The 60-day notice published Thursday in the Federal Register outlines assumptions made by the DHS and welcomes comments on all assumptions. “CISA’s common self-attestation form does not preclude agencies from adding agency-specific requirements to the minimum requirements in CISA’s common self-attestation form. However, any agency-specific attestation requirements, modification, and/or supplementation of these common forms will require clearance by OMB/OIRA under the PRA process and are not covered by this notice,” it added.

The notice said that the DHS is assuming vendors would have 2,689 initial form submissions and 1,345 resubmissions of the form, due to major software changes, per year. “This estimate applies across DHS, including all component agencies. DHS based this estimate on initial contract award data for Fiscal Years 2019 through 2022 from DHS’s Federal Procurement Data System (FPDS),” it added. 

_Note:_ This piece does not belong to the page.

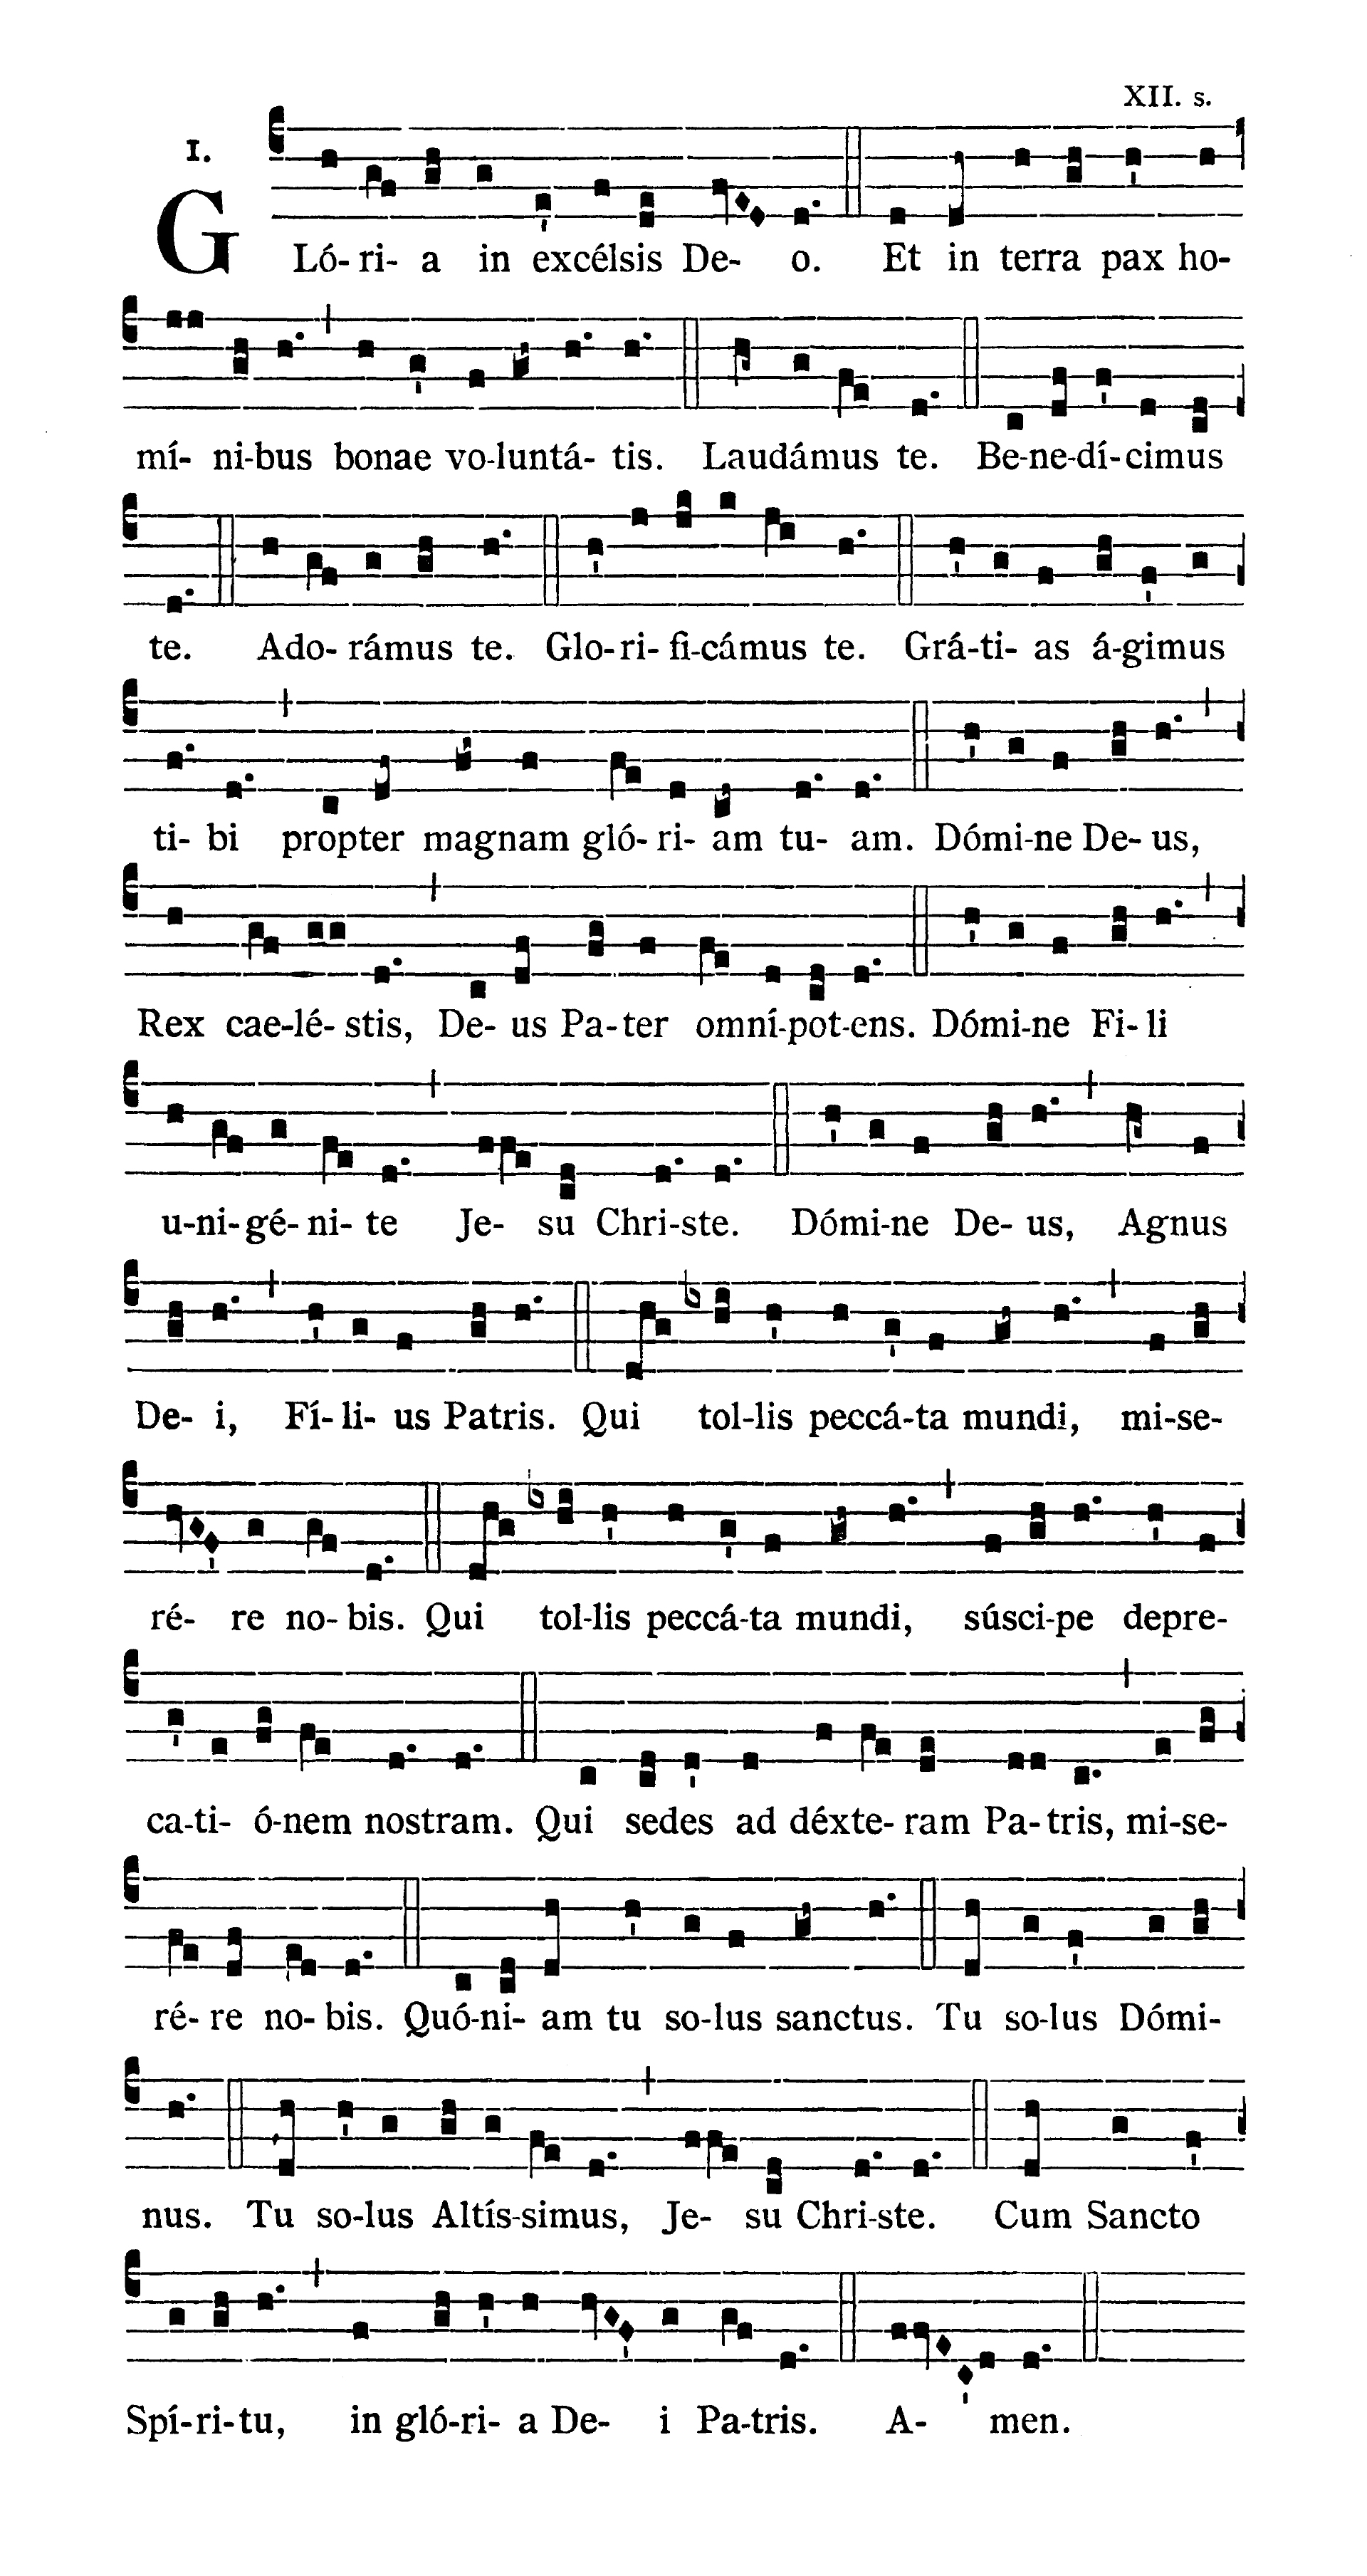 Missa XIII (Stelliferi Conditor orbis) - Gloria

DHS utilized data for contract awards that could, in the future, include a response to this collection based on the FPDS Product and Service Code (PSC) of ‘D’ Automatic Data Processing and Telecommunication and ‘R’ Professional, Administrative, and Management Support, the notice identified.

It also took into account the time burden for the attestation form including time to review the form and understand requirements, gather information, review, and approve the release of information and submission. 

The notice added that the “DHS assumes a three-hour burden per initial submission for a software quality assurance analyst or tester and an additional 20 minutes per initial submission for a Chief Information Security Officer (CISO). Vendors would have to resubmit the attestation form for major software changes, and DHS assumes half the number of initial submissions will result in a resubmission. DHS assumes that resubmissions would take 1 hour and 30 minutes for a software quality assurance analyst or tester and retains 20 minutes for a CISO.” 

The Federal Register notice added that the DHS acknowledges the information collection request allows for a vendor to use a prior submitted form for multiple agencies. DHS welcomes public comment on how frequently this might happen and how to reduce respondent burdens due to this collection, where feasible.

When it came to estimating opportunity costs, DHS uses an hourly compensation rate of $67.90 for a software quality assurance analyst or tester and $177.66 for a CISO, the notice said. “DHS estimates software quality assurance analyst or tester annual hours would be 10,084 for initial and resubmissions by multiplying $67.90 compensation rate to estimate the opportunity cost of $684,733. DHS estimates CISO annual hourly burden of 1,345 hours and multiplying $177.66 compensation rate to a CISO estimate the opportunity cost of $238,890. DHS combines these two opportunity costs to calculate a total opportunity cost for the collection of $923,623,” it added.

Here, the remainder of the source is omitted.